Położyła ręce na moich ramionach.
- Już jestem twój.- szepnąłem i pocałowałem ją w usta.
Kiedy się od niej odsunąłem zobaczyłem na jej twarzy słodki uśmieszek.
Wywróciłem oczami i przytuliłem ją.
- Kocham cię.- szepnęła.
- Miło, że w końcu to mówisz.
- Przestaniesz wymiotować?
- Nie wymiotuje... na razie.
- Serio?
- Tak. Teraz nic nie jem.- powiedziałem i wtuliłem się w jej szyje.
- Dlaczego?
- Nie wiem... Po prostu...Nie rozmawiajmy teraz o tym.
- Mówisz, że nie chcesz rozmawiać o swojej chorobie?
- To nie choroba.
- To jest choroba.
- To nie jest choroba, to moje życie.

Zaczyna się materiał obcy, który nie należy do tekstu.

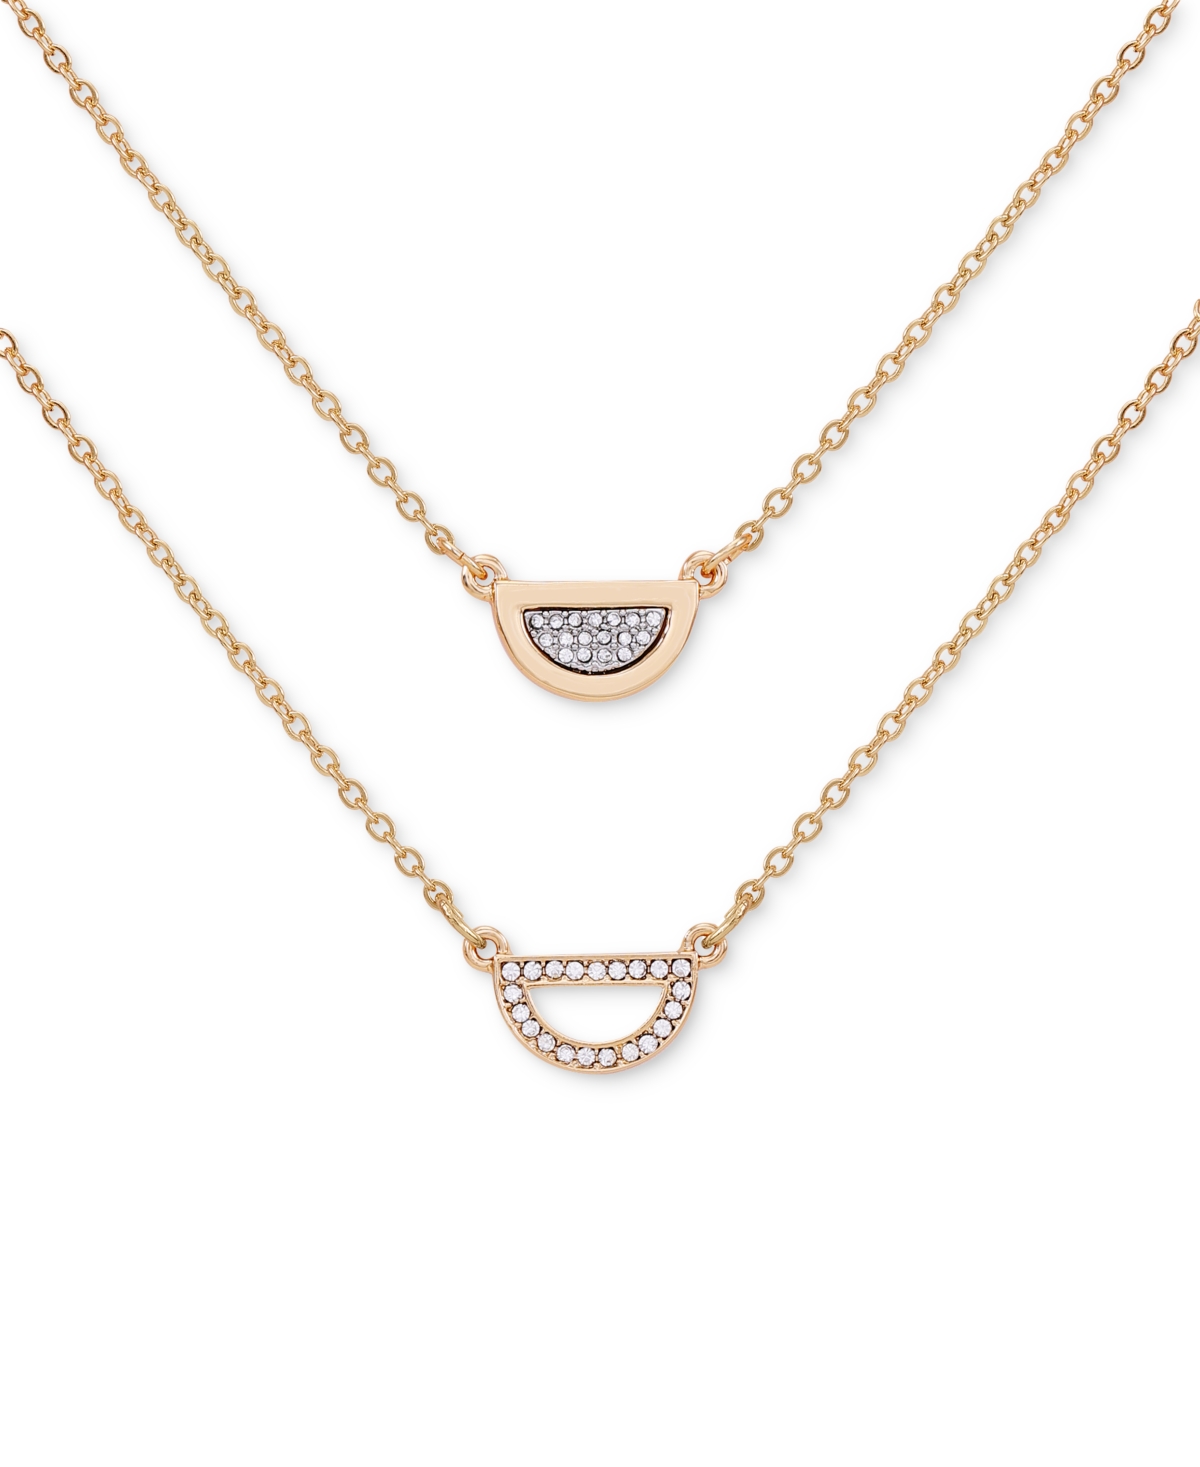 Guess Gold-tone 2-pc. Set Pave Semi-circle Pendant Necklaces, 16" + 2" Extender In Gold Garnet

Musisz to zrozumieć.
Pokręciła głową.
Odsunąłem się od niej.
- Muszę iść... nie chcę, żeby ojciec dowiedział się, że wyszedłem.
- Okej.- westchnęła.
- Jesteś zła?
- Nie... Po prostu... szkoda, że już idziesz.
- Zobaczymy się jutro.- powiedziałem uspokajającym tonem.
- Okej.
Pocałowałem ją w policzek i wróciłem do domu.
Z racji, że byłem już w piżamie wlazłem pod kołdrę i zasnąłem.
7 sierpień, niedziela
Wstałem z wielkim uśmiechem na twarzy.
- Mam dziewczynę. Mam dziewczynę.- śpiewałem cicho.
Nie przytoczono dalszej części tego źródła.